Standard & Poor's said in a draft release that "a rating upgrade will be considered once SMUD has demonstrated the ability to successfully implement the staff's financial and operating plans with board-approved action."

The rating agency acknowledged progress made by SMUD, but it said "exposure still exists" on achieving decommissioning approval for Rancho Seco, as well as for board approval of new power purchase contracts and settlement of a dispute over allocation of costs between residential and industrial customers.

Fitch said in a release that credit concerns "include some lingering uncertainty about the cohesiveness of the board, the need to approve and begin development of the revised resource program, and the risks associated with a continuation of the five-year drought."

The drought has resulted in reduced hydroelectric generation by the district. SMUD said in the preliminary official statement that it has offset financial harm from the drought by buying surplus power from the Pacific Northwest.

SMUD negotiated short-term power contracts with private utilities to help replace the generating capacity of Rancho Seco. It also is analyzing potential power resources to carry the utility into the next century.

S. David Freeman, SMUD's general manager, this month released a draft of his recommendations for power supply additions by 1995 and beyond, including four new gas-fired cogeneration plants, power purchases from Canadian hydroelectric projects, and renewable resources such as solar, wind, and geothermal power, SMUD also is emphasizing energy conservation.

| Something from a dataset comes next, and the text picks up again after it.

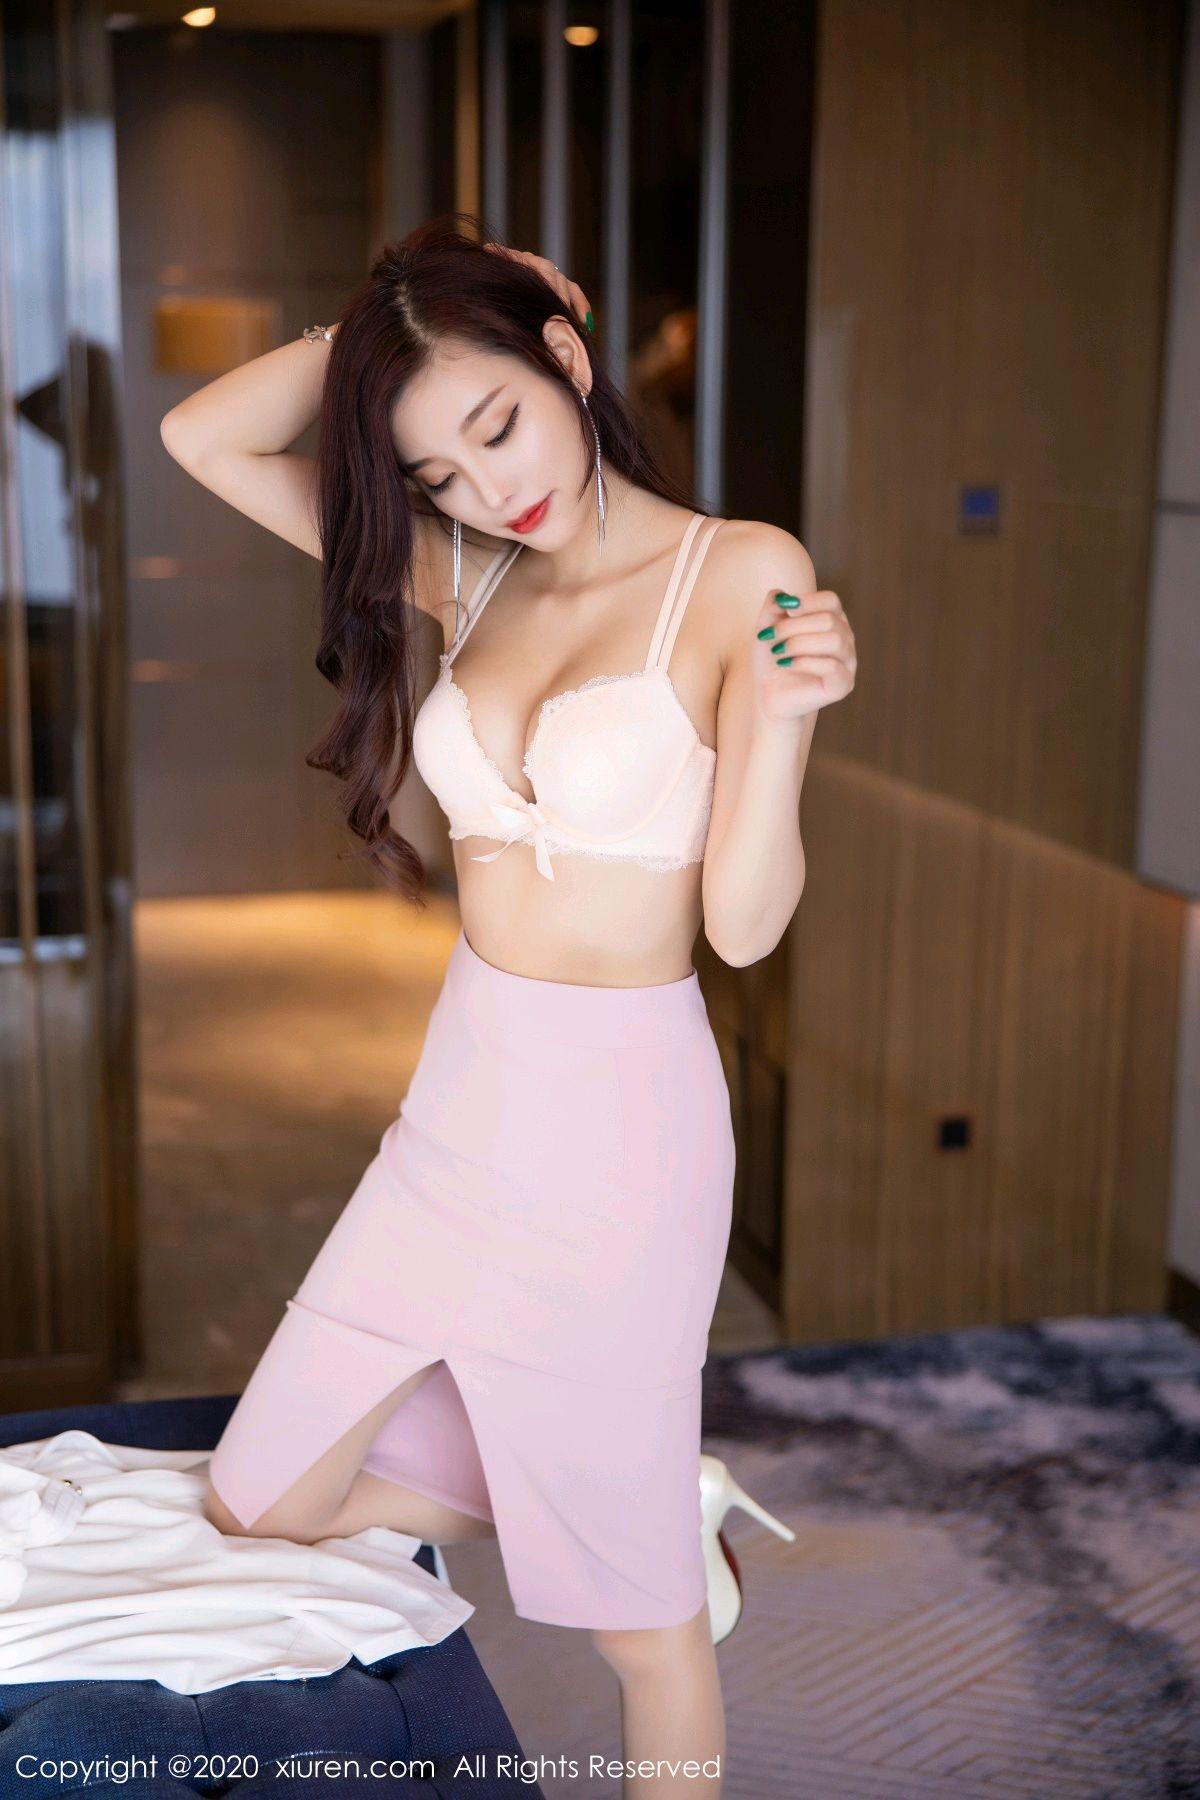 [XiuRen] Vol.2431 Yang Chen Chen 58P, Tall, Underwear, Uniform, Xiuren, Yang Chen Chen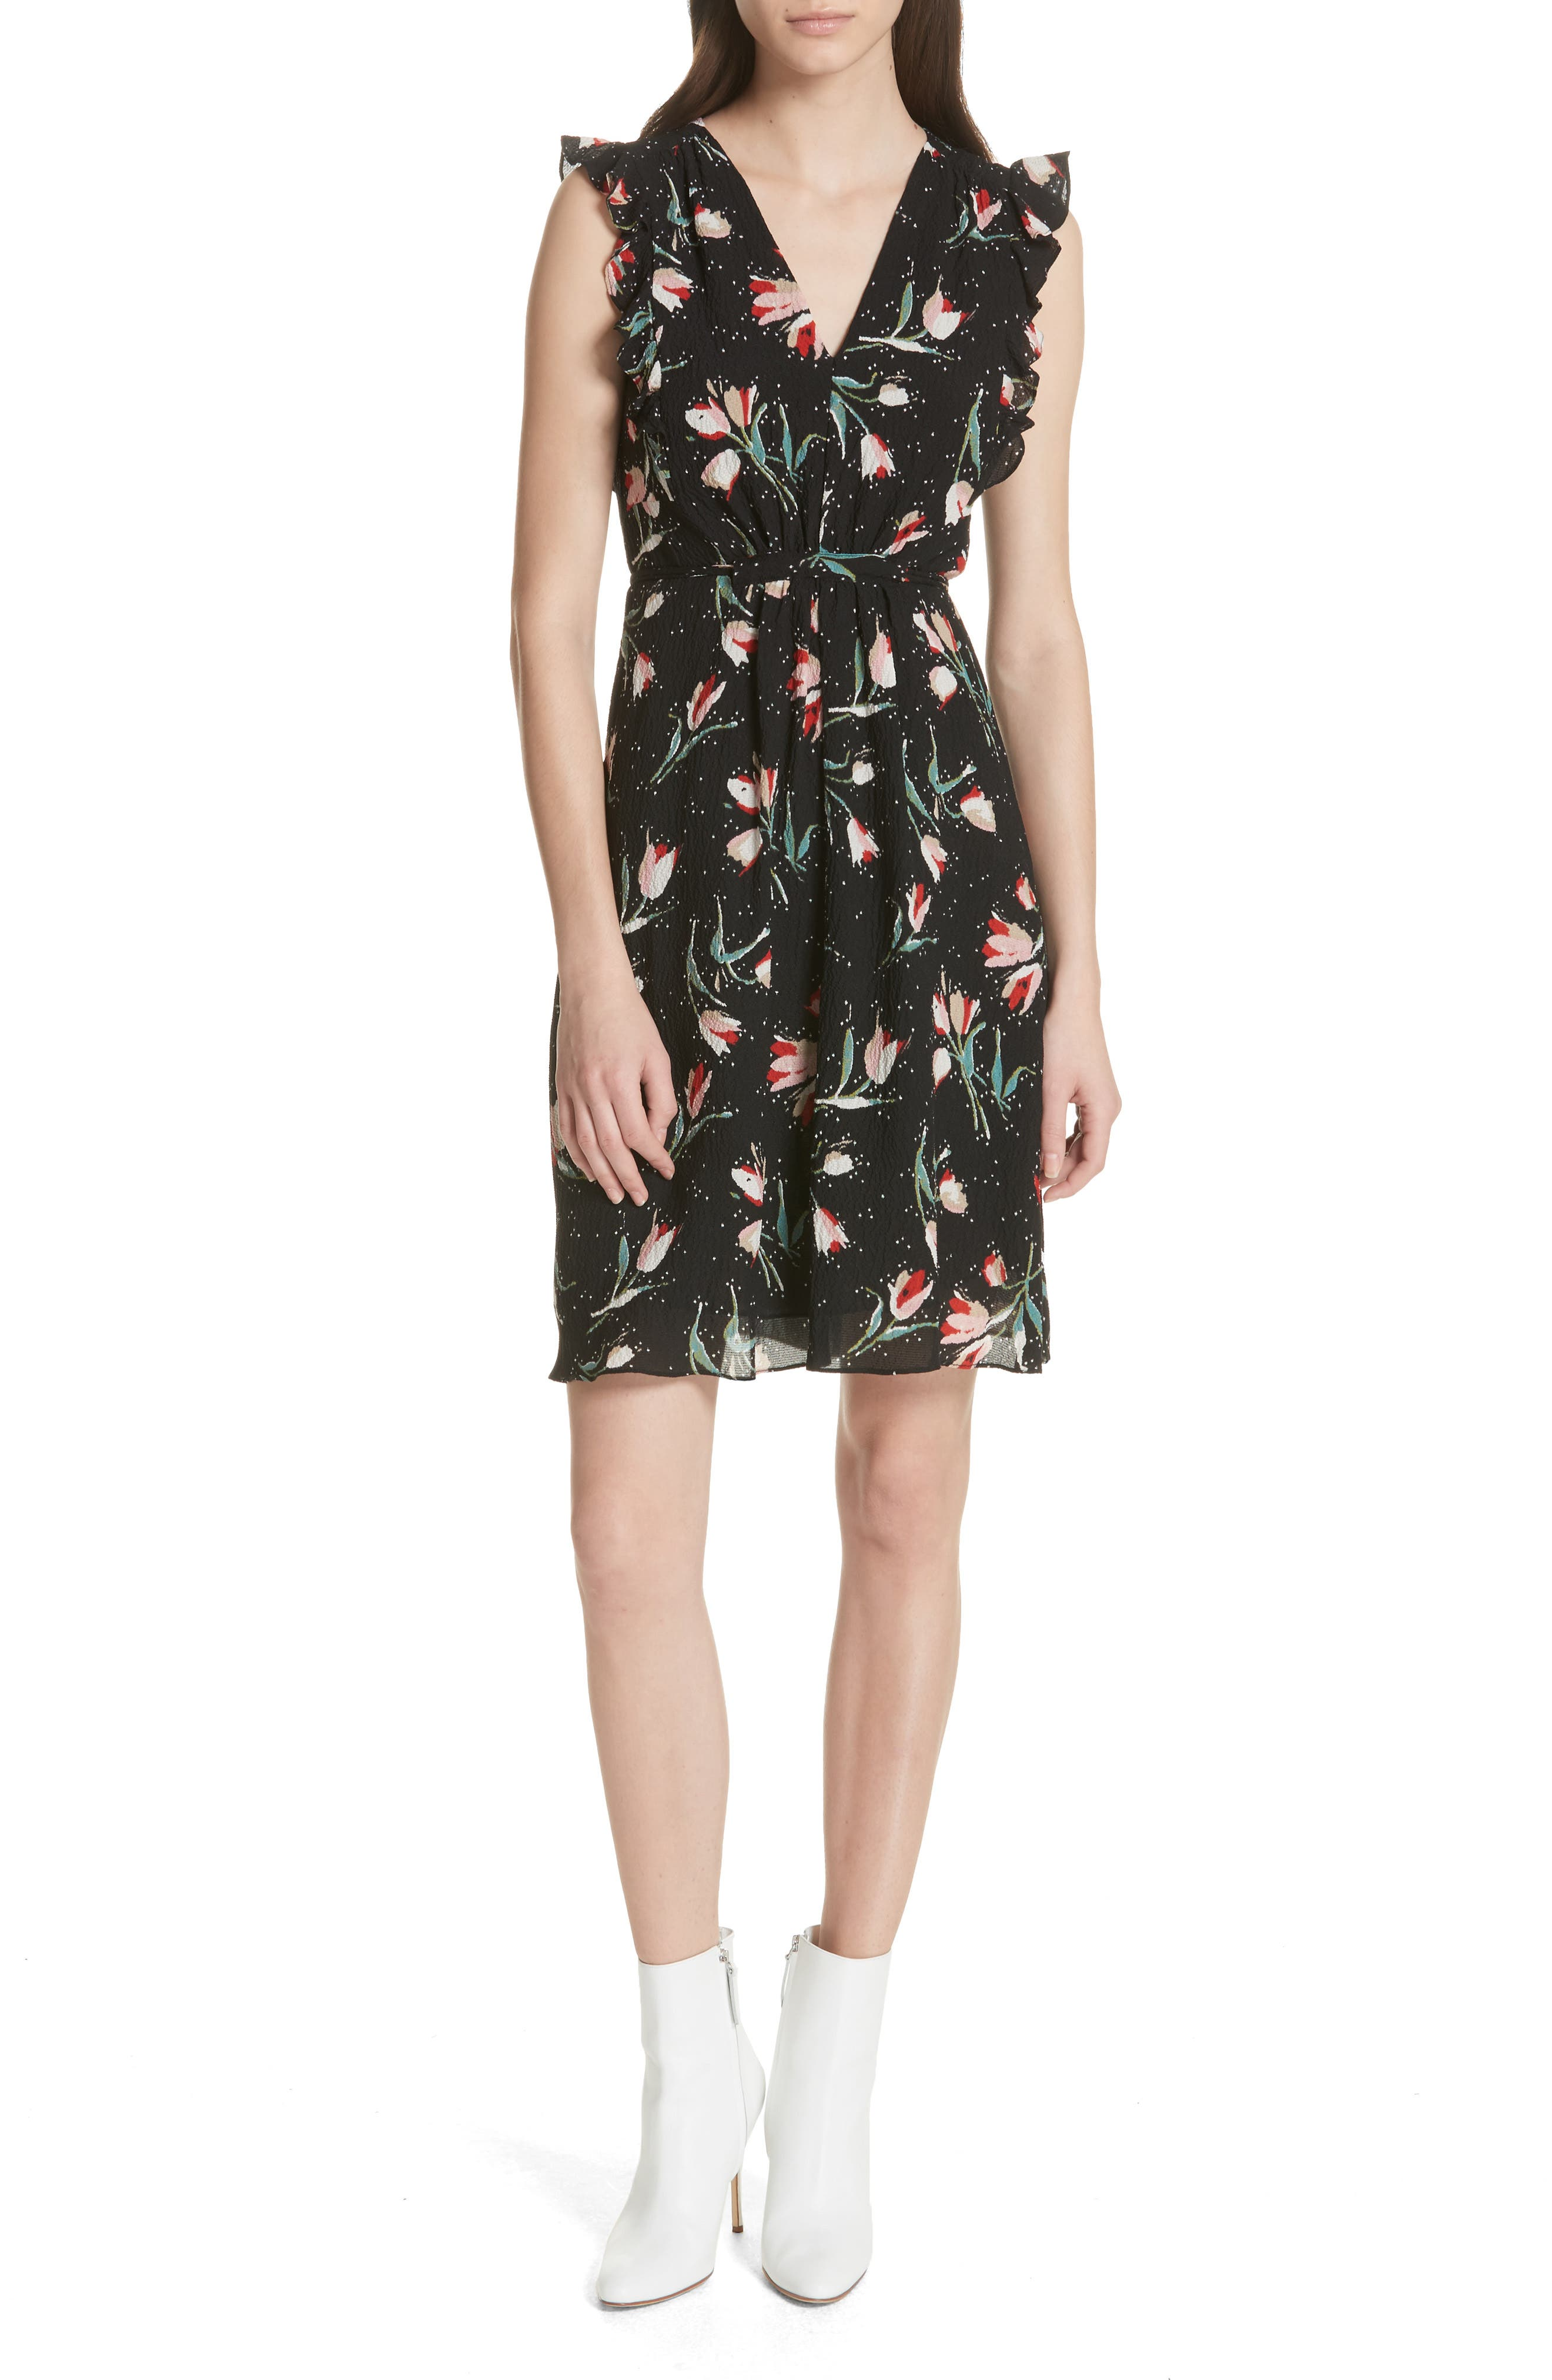 Alternate Image 1 Selected - Rebecca Taylor Ruffled Ikat Floral A-Line Dress

Proceeds from today's bond sale reimburse SMUD for recent capital expenditures.

The Series Y issue will deplete SMUD's existing revenue bonding authority, Mr. Nielsen said. Last March, the district's board adopted a resolution authorizing the issuance of additional bonds totaling $800 million. But certain local citizens who oppose some of the district's strategy launched a successful petition drive calling for a vote on the debt authorization.

SMUD officials believe they could prevail in an election, but they are studying various options that might avoid a vote, including adoption of a resolution with less bonding authority, Mr. Nielsen said.

In any event, Mr. Nielsen stressed that the district can meet its capital needs with other borrowing vehicles as well, including certificates of participation, commercial paper, and debt issued by a joint powers authority.

He also said today's bond issue will satisfy SMUD's long-term borrowing needs for an estimated two years. The district plans no long-term sales next year, followed by $387 million of sales from 1993 to 1995.

SMUD also is working to decommission Rancho Seco, which it estimates will cost $281 million.

The Nuclear Regulatory Commission has proposed guidelines to the district that in effect would require SMUD to either fund its decommissioning obligation over a five-year period or provide other financial assurances in order to fund over a longer period of time, such as the 17 years proposed by the district.

An A-level rating is the financial criterion that would permit the district to fund the obligation over a longer period of time, Mr. Nielsen said.

An underwriting group led by Goldman, Sanchs & Co. is pricing today's bond issue. SMUD recently made slight changes to its team of co-managers after going through a request for proposal process, adding Morgan Stanley & Co. and dropping Lehman Brothers and PainWebber Inc. Three other co-managers remain the same: Grigsby Brandford Powell Inc., Merill Lynch & Co., and Smith Barney, Harris Upham & Co.